Note that the integral of all of these terms is very simple to evaluate, so have fun :-)

Answer 3

on primitive function should be $${\frac {\sqrt {{x}^{2}+1}\sqrt {{x}^{2}+2}}{\sqrt { \left( {x}^{2}+1 \right) \left( {x}^{2}+2 \right) }}\arctan \left( {\frac {x}{\sqrt { {x}^{2}+2}}} \right) }+{\frac {\sqrt {{x}^{2}+2} \left( {\rm arcsinh} \left(x\right)\sqrt {{x}^{2}+1}-x \right) }{\sqrt { \left( {x}^{2}+1 \right) \left( {x}^{2}+2 \right) }}} $$

Answer 4

$u=(x^2+1)^{\frac{1}{2}}$, thus $du = \frac{1}{2}(x^2+1)^{-\frac{1}{2}}2xdx =\frac{x}{(x^2+1)^{\frac{1}{2}}}dx$.
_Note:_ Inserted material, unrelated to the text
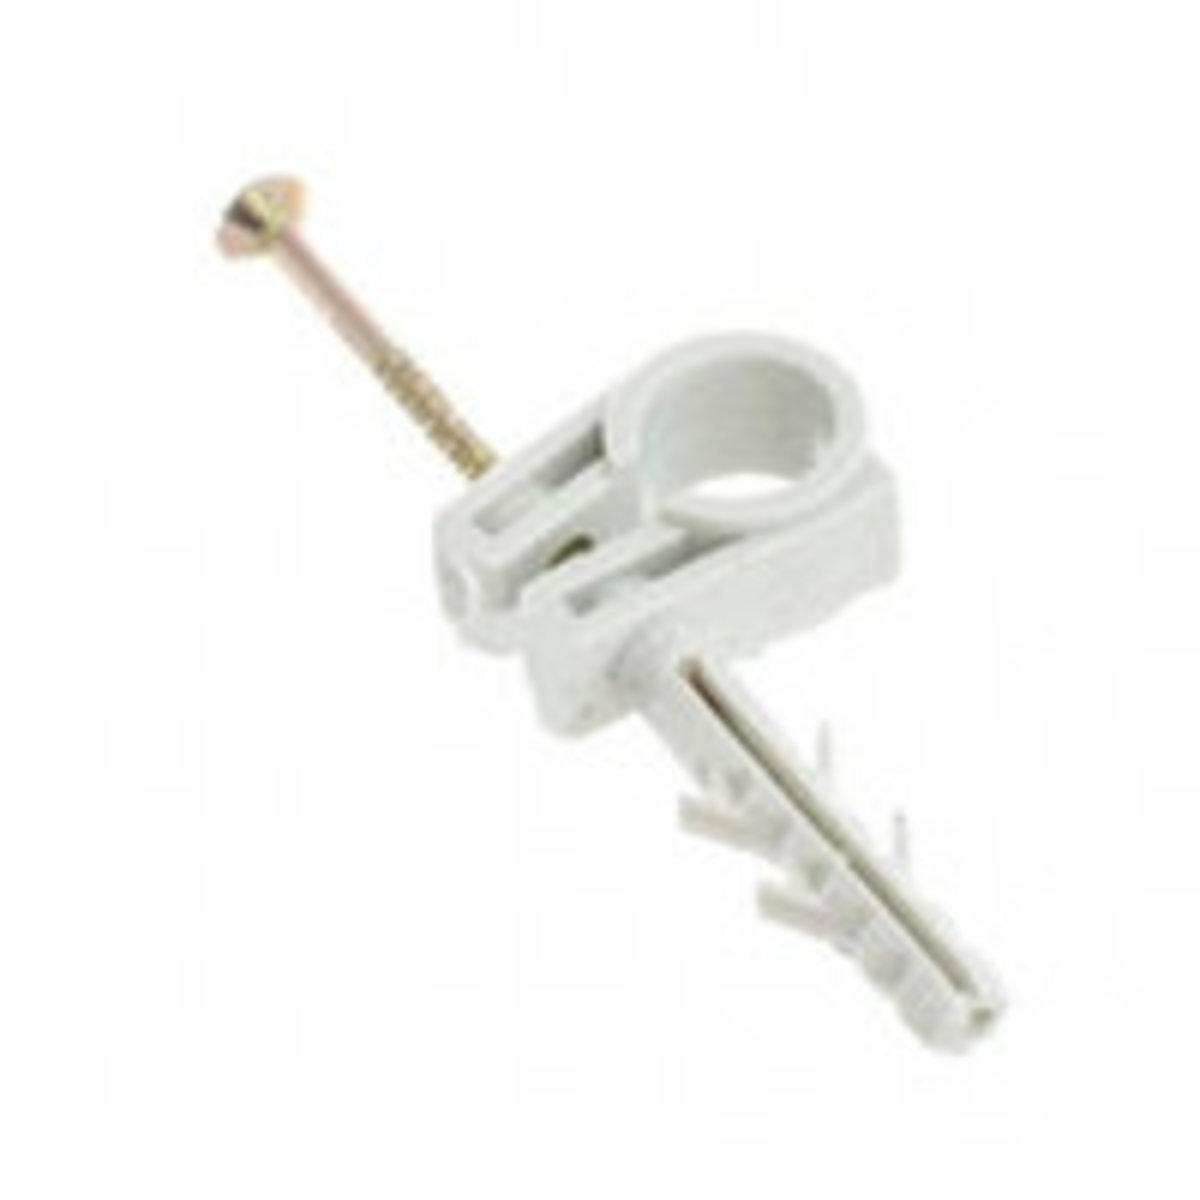 Обойма Lectris для труб і кабелю Ø18-20мм з ударним шурупом, 50шт

$x \in (0, +\infty), u \in (1, +\infty), x =(u^2-1)^{\frac{1}{2}}$

$dx = \frac{(x^2+1)^{1/2}}{x}du=\frac{u}{(u^2-1)^{1/2}}du$

$\int_0^\infty\frac{u+(u^2-1)(u^2+1)^{1/2}}{u^2(u^2+1)^{1/2}} \cdot \frac{1}{u^4} \cdot \frac{u}{(u^2-1)^{1/2}}du$

I find some mistakes, but I can not solve it. Sorry for that.